The creation of La Via Campesina was principally founded on actions of solidarity, the urgency of mobilizing solidarity as a fundamental value in light of the evictions, repression, detentions and even massacres that peasants, men and women, were facing (and are still facing) in various parts of the world. Accordingly we highlight this call, as we receive the XV Navarre International Prize for Solidarity: “Globalizing the struggle also means globalizing solidarity, and the hope of the peoples of the world”.
We live in difficult times in which humankind is confronted with serious economic, political and environmental crises, but also a crisis of values and of profound contradictions between capital and labor. This is also very much the reality of people in the countryside, worldwide.

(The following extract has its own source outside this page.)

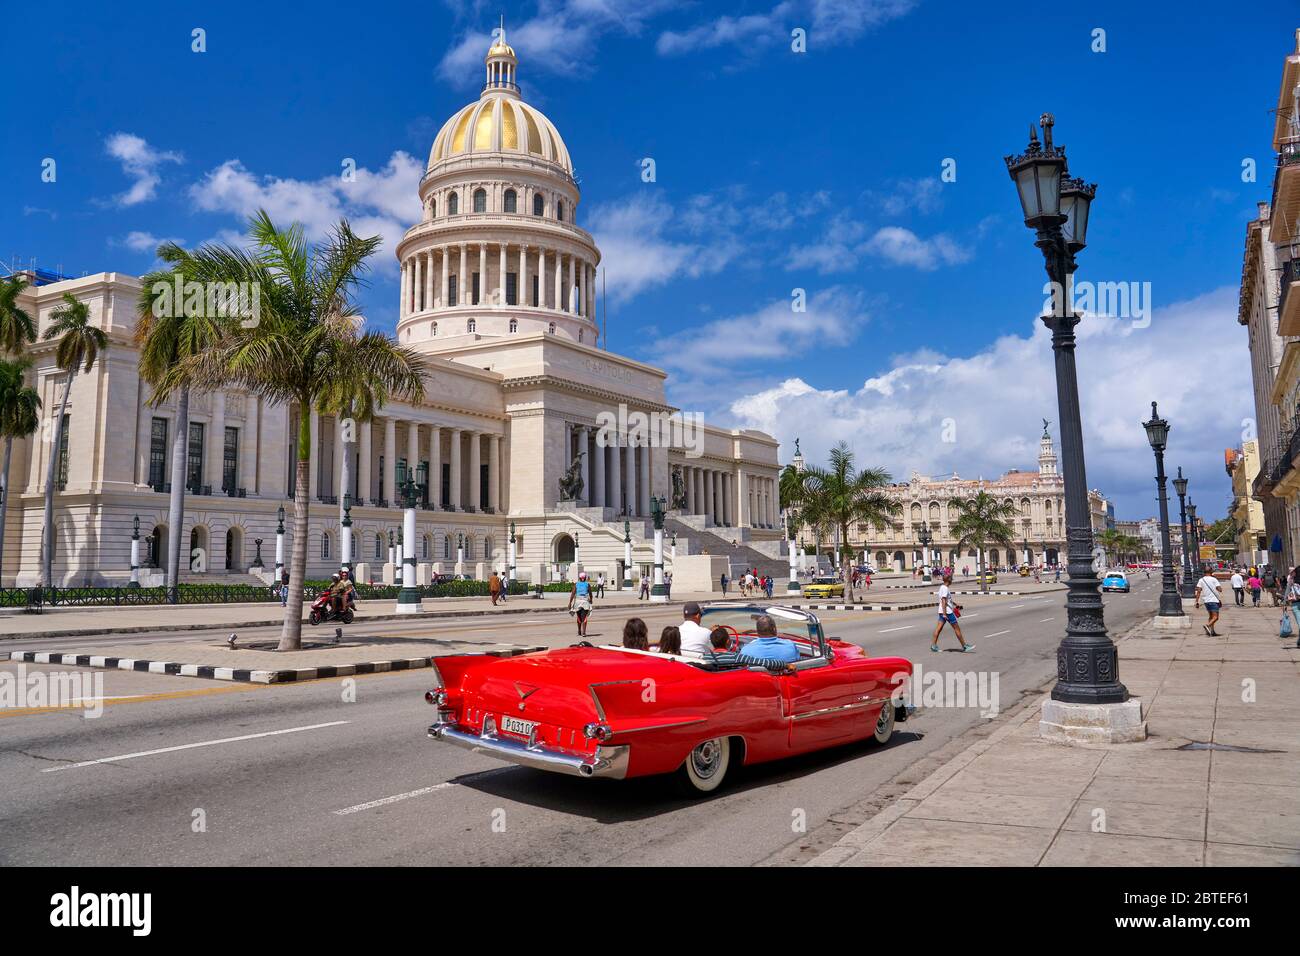 Capitolio Nacional y viejo coche rojo americano, la Habana, Cuba Foto de stock

However, during its journey of more than 20 years, La Via Campesina has succeeded in articulating struggles at the international level, developing a politicized peasant and smallholder identity tied to the land and the production of healthy food in a sovereign manner. Our members represent the sectors worst hit by the globalization of food: small and medium-sized producers, day laborers, landless people, rural women, indigenous communities. This made it possible for our movement to break away from the North-South divide, and to integrate organizations from all over the world.
The emergence of La Via Campesina as a sustainable alternative to the predatory model of agribusiness has cast a new vision on agricultural policies, on food, and on peasants and family farmers, both in our own territorial spaces and at the international level. Policies are no longer formulated without our voices being heard, or without us putting on the table our agenda on the rights of peasants, agroecology, land reform and especially, food sovereignty.
Food globalization, conceived by and for agribusiness and large-scale distribution, privatizes common goods and wipes out those who care for and work the land, by turning food into a profiteering trade. The liberalization of agriculture is a war against peasants and small-scale farmers. It involves policies embedded in institutions and international treaties that jeopardize those who guarantee Food Sovereignty and feed the world’s populations.
We wish to highlight the role played by peasant and rural women in the resistance and defense of an agriculture tied to the land and centered on life, rather than on speculation and money. They are strategic agents in the struggle for food sovereignty, gender equality, defending and caring for the land and territories, the defense of natural goods, the seeds as the heritage of the peoples, agroecology and biodiversity.
La Via Campesina carries on growing and our political proposal is gathering strength. We are increasingly recognized as leading political voice internationally, for example by initiating the process for an international declaration on the rights of peasants and other rural persons at the United Nations, defending common goods, implementing agroecological processes, protecting markets and developing new ones, incorporating people into agricultural activity, and all of this within a comprehensive strategy which we share with all the (nearly 200) organizations that make up La Via Campesina. To this end we develop a common position on past and current threats, and outline future strategies and challenges, all of which we believe is well summarized in the Call of our 7th Conference, celebrated in Derio in the Basque Country in July 2017.